Afghanistan / Italie

L'ONU demande une enquête rapide sur les trois Italiens arrêtés en Afghanistan

Des policiers afghans montent la garde à l'entrée de l'hôpital de Lashkar Gah où travaillaient les trois humanitaires italiens arrêtés le 11 avril 2010.
Des policiers afghans montent la garde à l'entrée de l'hôpital de Lashkar Gah où travaillaient les trois humanitaires italiens arrêtés le 11 avril 2010. Reuters / A. Malik
Texte par : RFI Suivre
2 mn

L'ONU a demandé jeudi 15 avril aux autorités afghanes d'enquêter rapidement et de manière transparente sur l'arrestation samedi dernier de trois Italiens, travaillant pour l'ONG Emergency. En tout, neuf personnes ont été arrêtées après la découverte d'armes et de bombes artisanales dans l'hôpital de Lashkar Gah. Elles étaient soupçonnées d'avoir planifié des attentats pour le compte des talibans et d'avoir voulu tuer le gouverneur de la province du Helmand, dans le sud du pays.

Publicité

Le représentant spécial de l'ONU en Afghanistan espère que cette arrestation est le résultat d'un sérieux malentendu, que seule une enquête minutieuse pourrait dissiper. Il demande aux autorités afghanes de faire vite. L'ONG se dit victime d'une « manœuvre politique, visant à la discréditer », alors que l'hôpital de Lashkar Gah, où les trois humanitaires opéraient, constitue un « point d'observation » des activités dans la région.
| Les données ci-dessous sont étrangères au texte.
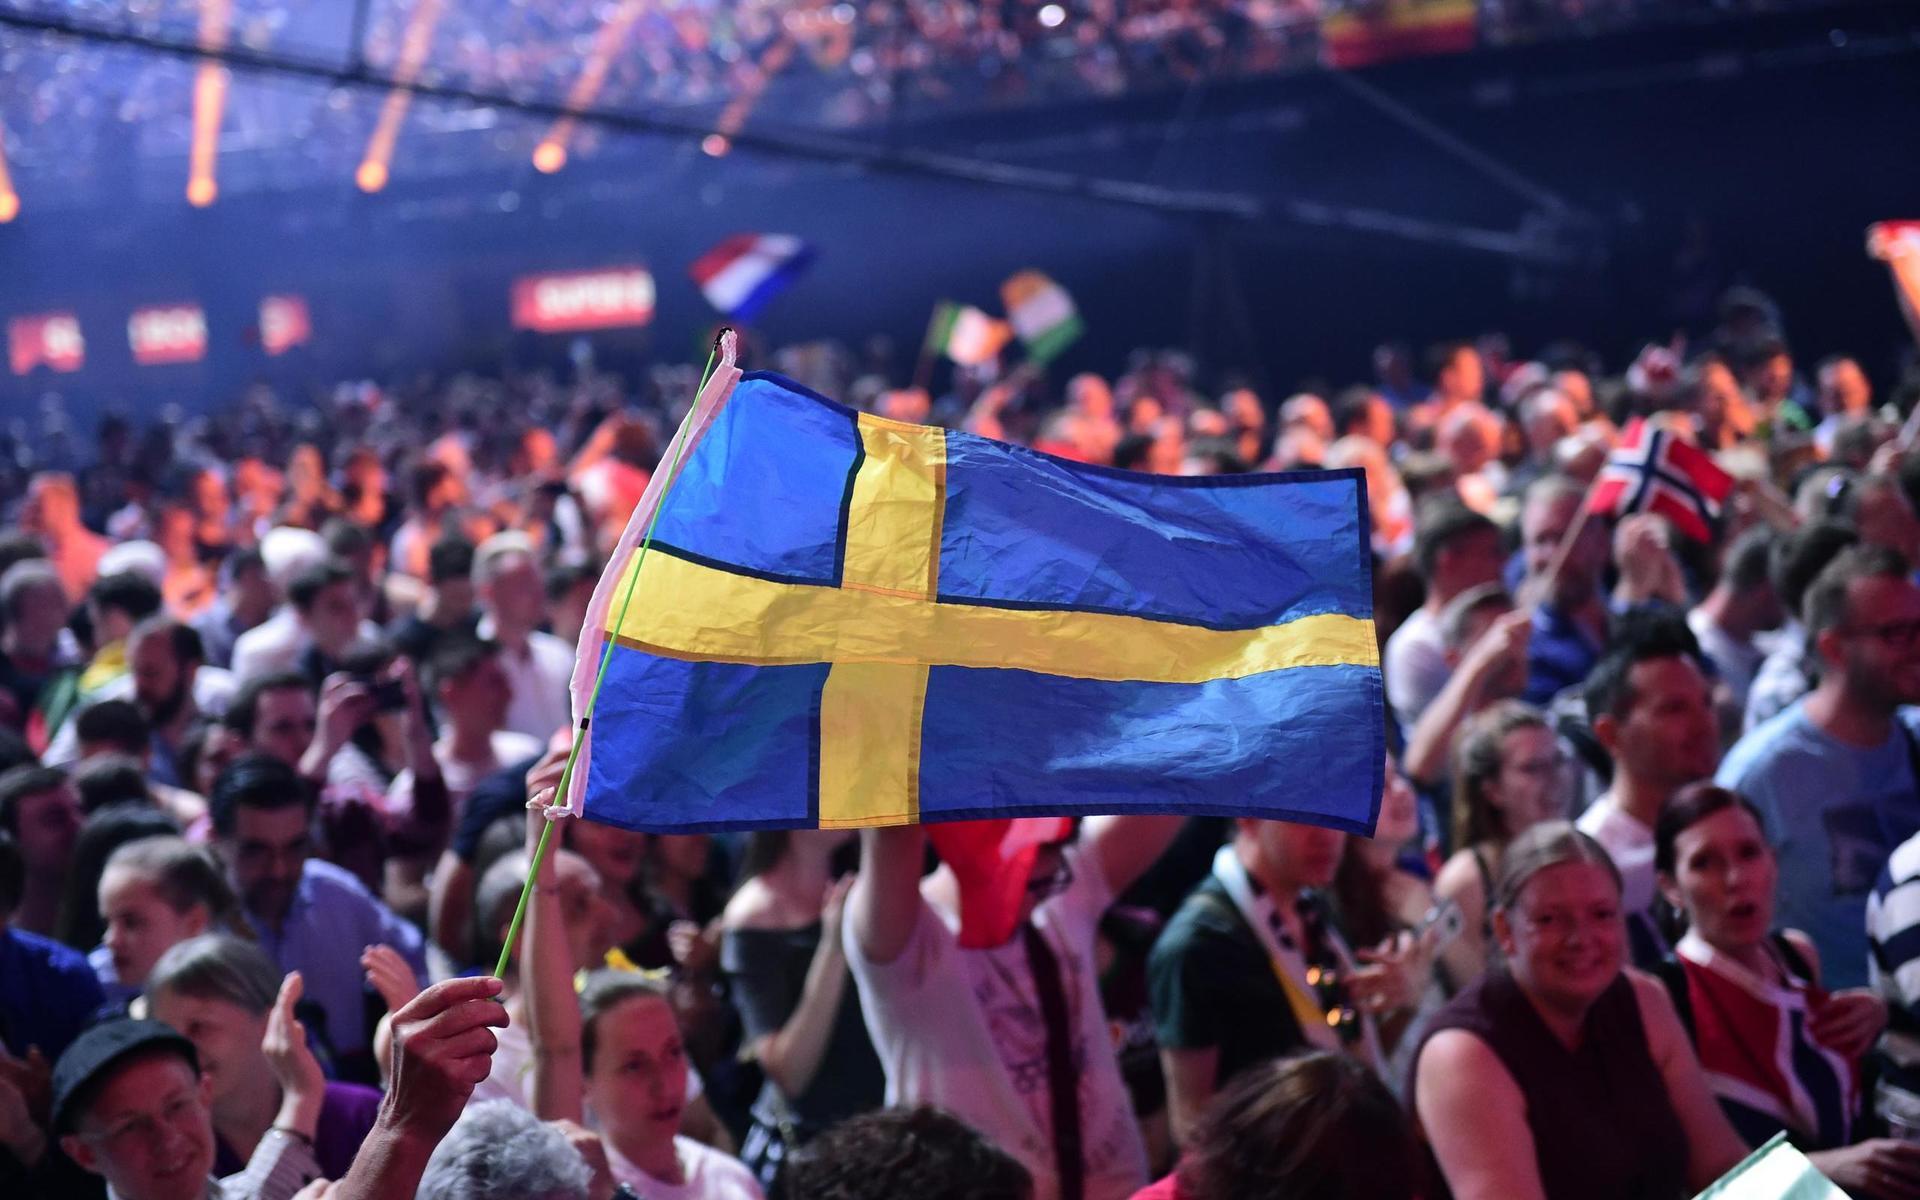 Sverige har verkligen blandat vin med vatten i de senaste årens Eurovision Song Contest. Här följer 2000-talets samtliga svenska bidrag, rankade av tidningen från det sämsta till det bästa.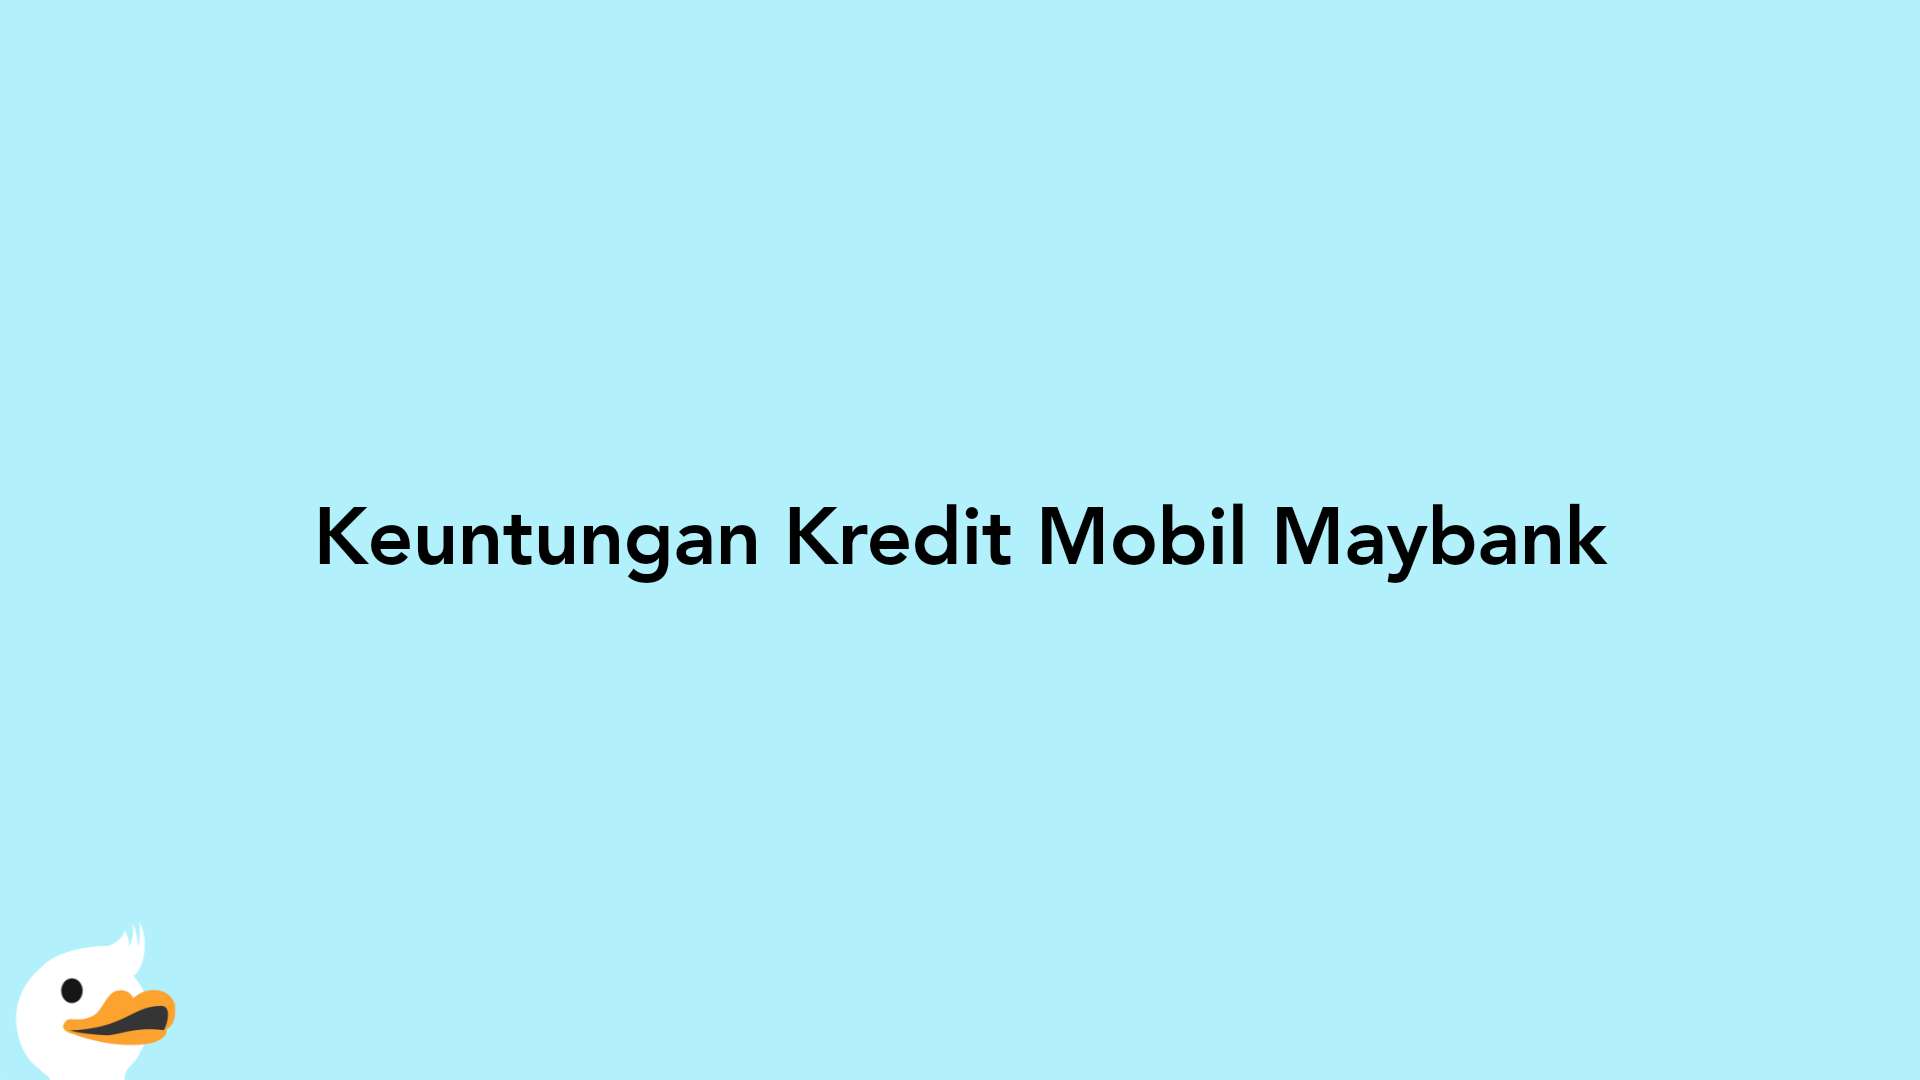 Keuntungan Kredit Mobil Maybank

Les trois Italiens actuellement en prison à Kaboul attendent la rencontre prévue ce vendredi 16 avril entre l'envoyé spécial italien Attilio Iannucci et le président Hamid Karzaï, dans un contexte extrêmement tendu entre le chef de l'Etat afghan et la communauté internationale.

Karzaï multiplie depuis quelques temps les gestes de défiance à l'égard des Occidentaux. Il faut dire qu'il est à quelques semaines d'un rendez-vous crucial avec les chefs tribaux et les principaux responsables officiels du pays. Une Loya Jirga doit se tenir à Kaboul début mai, pour définir notamment les contours de sa politique de dialogue avec les talibans. Il est aussi à quelques mois d'une nouvelle grande offensive des forces internationales, dans le sud du pays. Et pour cela il doit recueillir l'assentiment des populations locales, déjà très affectées par les attaques meurtrières des forces de l'OTAN.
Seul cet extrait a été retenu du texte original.